First date


Sean Johnatan.

Gabriella Clazetta, lucu kalau marah.

Mungkin banyak orang yang udah mengenal Zetta akan menentang. Bahkan gue yakin, dia sendiripun nggak akan suka gue sebut lucu.

Bilanglah gue gila, tapi mungkin begitu adanya. Karena ada hal yang rasanya menyenangkan, melihat dia dengan alisnya yang menekuk nyaris bertautan, matanya menyipit sewaktu bibir ranumnya meluncurkan kalimat kasar, pipinya sesekali mengembung mirip balon yang siap meletus, juga, anak rambutnya yang jatuh ke depan terus menerus.

Man, kalau ini bukan lucu, gue nggak ngerti harus jelasin gimana lagi. Daripada takut pada wajah galak dan ucapan kasarnya, gue malah tertawa dalam hati dan menanggapi semua ocehan dia dengan senyum lebar.

“Gue paling gak suka sama sesuatu yang berlebihan. Kayak gak ada cara lain aja, kesel gue.”

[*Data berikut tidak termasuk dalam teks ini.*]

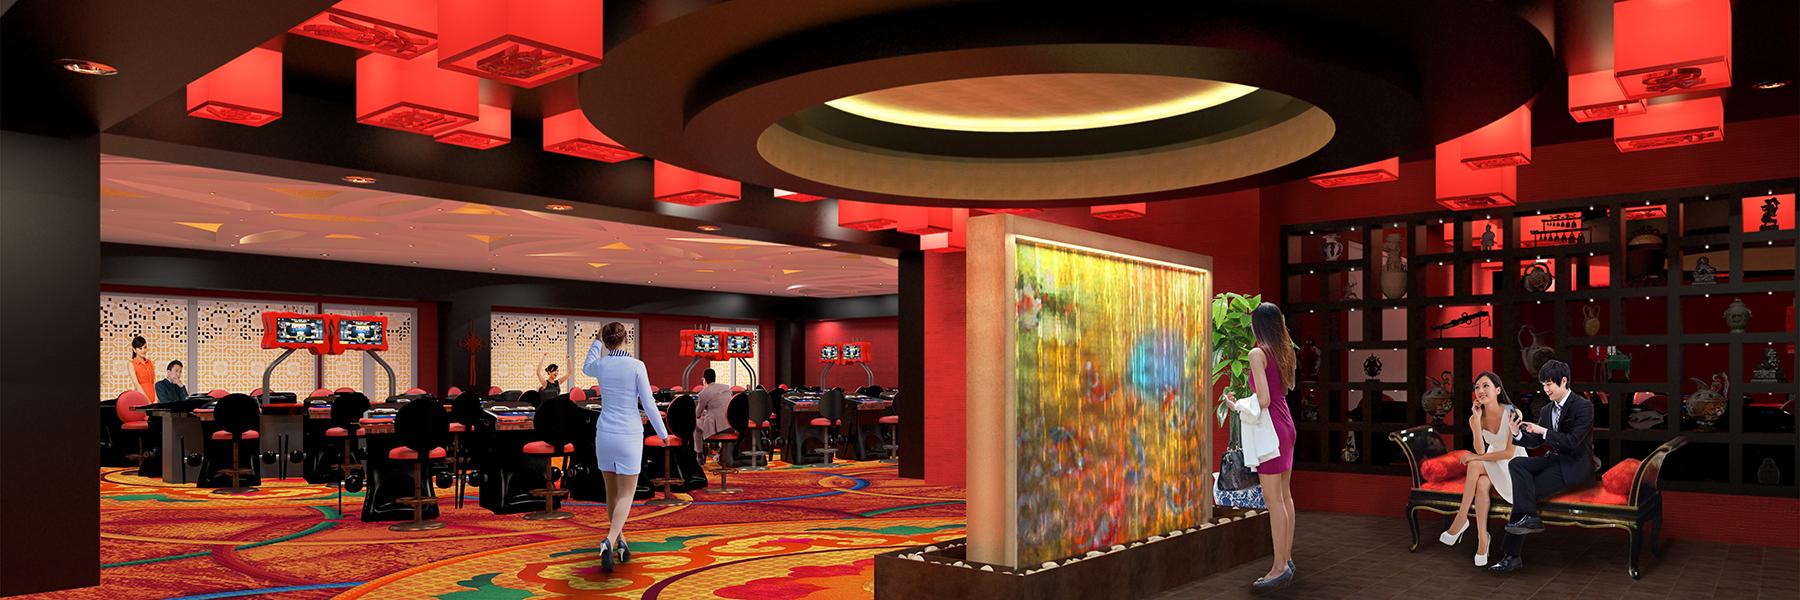 Resort's World Casino - Baccarat Club

Tadi setibanya kita di tempat makan yang gue mau, kita langsung menuju kasir untuk memesan makanan. Bersamaan dengan sepasang kakek nenek yang berdiri di belakang kita. Sewaktu pesanan kita sudah selesai, dan kita berbalik untuk mencari tempat duduk, tiba tiba ada kejadian aneh dari pasangan di belakang kita.

Hidung si kakek patah.

Zetta menjerit, gue juga sempat terperanjat. Sampai gue sadar itu hidung buatan, dan kakek kakek itu adalah Jeffryan! Iya, Jeffryan Giovanno. Di saat bersamaan, Zetta juga tersadar. Setelah itu dia kelihatan marah dan pergi gitu saja.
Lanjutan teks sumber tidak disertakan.